• [What you are asked to do]:
Output the data below line for line, exactly, up to and including the line where "KDS-GC-12624 HOODED PULL OVER PRINTED PURPLE" appears.

• [Information given]:
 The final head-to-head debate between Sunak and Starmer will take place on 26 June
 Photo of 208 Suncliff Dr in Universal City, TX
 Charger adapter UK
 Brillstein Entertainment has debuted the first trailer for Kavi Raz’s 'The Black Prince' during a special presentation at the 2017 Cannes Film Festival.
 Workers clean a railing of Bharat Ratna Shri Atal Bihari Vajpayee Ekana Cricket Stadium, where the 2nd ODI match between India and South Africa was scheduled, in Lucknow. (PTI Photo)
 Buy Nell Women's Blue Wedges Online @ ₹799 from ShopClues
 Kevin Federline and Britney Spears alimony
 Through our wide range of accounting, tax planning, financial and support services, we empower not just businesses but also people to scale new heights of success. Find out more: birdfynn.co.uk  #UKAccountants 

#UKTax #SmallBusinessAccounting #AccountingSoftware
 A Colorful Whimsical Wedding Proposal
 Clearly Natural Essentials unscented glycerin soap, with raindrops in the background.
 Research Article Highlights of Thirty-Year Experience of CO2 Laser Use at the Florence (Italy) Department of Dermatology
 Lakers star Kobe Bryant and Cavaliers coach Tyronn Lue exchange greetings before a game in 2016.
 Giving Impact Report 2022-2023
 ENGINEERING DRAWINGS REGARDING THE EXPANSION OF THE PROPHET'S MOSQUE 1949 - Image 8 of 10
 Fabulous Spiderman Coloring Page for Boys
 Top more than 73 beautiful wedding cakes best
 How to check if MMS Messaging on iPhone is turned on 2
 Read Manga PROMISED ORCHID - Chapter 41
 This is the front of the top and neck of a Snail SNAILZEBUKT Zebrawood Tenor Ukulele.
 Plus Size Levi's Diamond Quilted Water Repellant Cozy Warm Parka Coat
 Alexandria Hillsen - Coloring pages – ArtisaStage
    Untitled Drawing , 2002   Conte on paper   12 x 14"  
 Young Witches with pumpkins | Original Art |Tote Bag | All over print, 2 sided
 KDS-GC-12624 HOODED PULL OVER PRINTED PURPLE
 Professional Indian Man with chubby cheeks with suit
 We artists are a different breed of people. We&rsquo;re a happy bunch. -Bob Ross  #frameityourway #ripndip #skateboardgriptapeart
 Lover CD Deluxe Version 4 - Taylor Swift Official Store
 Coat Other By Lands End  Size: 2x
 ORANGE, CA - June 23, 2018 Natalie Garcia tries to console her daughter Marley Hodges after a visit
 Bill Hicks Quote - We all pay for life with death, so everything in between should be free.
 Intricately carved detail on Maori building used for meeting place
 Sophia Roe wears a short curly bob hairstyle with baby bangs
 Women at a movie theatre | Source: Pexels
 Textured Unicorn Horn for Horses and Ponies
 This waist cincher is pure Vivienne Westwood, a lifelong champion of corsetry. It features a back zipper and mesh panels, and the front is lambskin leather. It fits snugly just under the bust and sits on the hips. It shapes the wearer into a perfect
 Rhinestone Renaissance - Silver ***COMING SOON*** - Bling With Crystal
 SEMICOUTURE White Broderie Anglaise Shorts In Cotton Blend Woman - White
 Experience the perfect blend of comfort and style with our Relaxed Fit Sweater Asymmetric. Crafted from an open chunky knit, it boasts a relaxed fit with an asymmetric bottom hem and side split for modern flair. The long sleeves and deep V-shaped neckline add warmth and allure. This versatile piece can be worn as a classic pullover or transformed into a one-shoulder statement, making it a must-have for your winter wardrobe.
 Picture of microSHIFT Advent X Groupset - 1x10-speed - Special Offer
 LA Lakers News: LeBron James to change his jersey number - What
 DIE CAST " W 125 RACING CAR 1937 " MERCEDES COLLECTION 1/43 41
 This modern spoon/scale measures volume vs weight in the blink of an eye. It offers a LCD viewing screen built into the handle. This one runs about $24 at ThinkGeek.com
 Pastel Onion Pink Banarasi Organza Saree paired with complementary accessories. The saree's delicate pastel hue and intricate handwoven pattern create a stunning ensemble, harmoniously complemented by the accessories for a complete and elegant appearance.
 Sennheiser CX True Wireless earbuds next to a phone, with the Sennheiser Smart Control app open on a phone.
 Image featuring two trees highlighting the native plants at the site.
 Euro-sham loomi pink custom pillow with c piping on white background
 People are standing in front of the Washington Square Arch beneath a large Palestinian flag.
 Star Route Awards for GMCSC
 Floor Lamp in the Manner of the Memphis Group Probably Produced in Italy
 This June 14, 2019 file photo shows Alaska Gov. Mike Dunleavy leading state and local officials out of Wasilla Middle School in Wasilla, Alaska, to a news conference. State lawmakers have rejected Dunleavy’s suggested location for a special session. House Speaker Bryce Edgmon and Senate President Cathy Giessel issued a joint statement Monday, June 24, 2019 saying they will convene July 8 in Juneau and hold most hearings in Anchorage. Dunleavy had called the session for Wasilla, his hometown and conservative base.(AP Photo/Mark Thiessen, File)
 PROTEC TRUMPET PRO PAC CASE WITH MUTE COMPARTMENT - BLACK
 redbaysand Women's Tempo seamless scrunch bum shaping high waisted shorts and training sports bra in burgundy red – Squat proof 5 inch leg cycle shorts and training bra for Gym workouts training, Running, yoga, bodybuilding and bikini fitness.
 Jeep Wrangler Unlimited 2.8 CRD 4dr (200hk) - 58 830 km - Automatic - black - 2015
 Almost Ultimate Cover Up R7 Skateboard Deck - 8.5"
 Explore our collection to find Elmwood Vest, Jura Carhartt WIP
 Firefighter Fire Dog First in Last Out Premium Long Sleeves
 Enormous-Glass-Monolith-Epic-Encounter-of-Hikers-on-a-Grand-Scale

• [Solution to this problem]:
 The final head-to-head debate between Sunak and Starmer will take place on 26 June
 Photo of 208 Suncliff Dr in Universal City, TX
 Charger adapter UK
 Brillstein Entertainment has debuted the first trailer for Kavi Raz’s 'The Black Prince' during a special presentation at the 2017 Cannes Film Festival.
 Workers clean a railing of Bharat Ratna Shri Atal Bihari Vajpayee Ekana Cricket Stadium, where the 2nd ODI match between India and South Africa was scheduled, in Lucknow. (PTI Photo)
 Buy Nell Women's Blue Wedges Online @ ₹799 from ShopClues
 Kevin Federline and Britney Spears alimony
 Through our wide range of accounting, tax planning, financial and support services, we empower not just businesses but also people to scale new heights of success. Find out more: birdfynn.co.uk  #UKAccountants 

#UKTax #SmallBusinessAccounting #AccountingSoftware
 A Colorful Whimsical Wedding Proposal
 Clearly Natural Essentials unscented glycerin soap, with raindrops in the background.
 Research Article Highlights of Thirty-Year Experience of CO2 Laser Use at the Florence (Italy) Department of Dermatology
 Lakers star Kobe Bryant and Cavaliers coach Tyronn Lue exchange greetings before a game in 2016.
 Giving Impact Report 2022-2023
 ENGINEERING DRAWINGS REGARDING THE EXPANSION OF THE PROPHET'S MOSQUE 1949 - Image 8 of 10
 Fabulous Spiderman Coloring Page for Boys
 Top more than 73 beautiful wedding cakes best
 How to check if MMS Messaging on iPhone is turned on 2
 Read Manga PROMISED ORCHID - Chapter 41
 This is the front of the top and neck of a Snail SNAILZEBUKT Zebrawood Tenor Ukulele.
 Plus Size Levi's Diamond Quilted Water Repellant Cozy Warm Parka Coat
 Alexandria Hillsen - Coloring pages – ArtisaStage
    Untitled Drawing , 2002   Conte on paper   12 x 14"  
 Young Witches with pumpkins | Original Art |Tote Bag | All over print, 2 sided
 KDS-GC-12624 HOODED PULL OVER PRINTED PURPLE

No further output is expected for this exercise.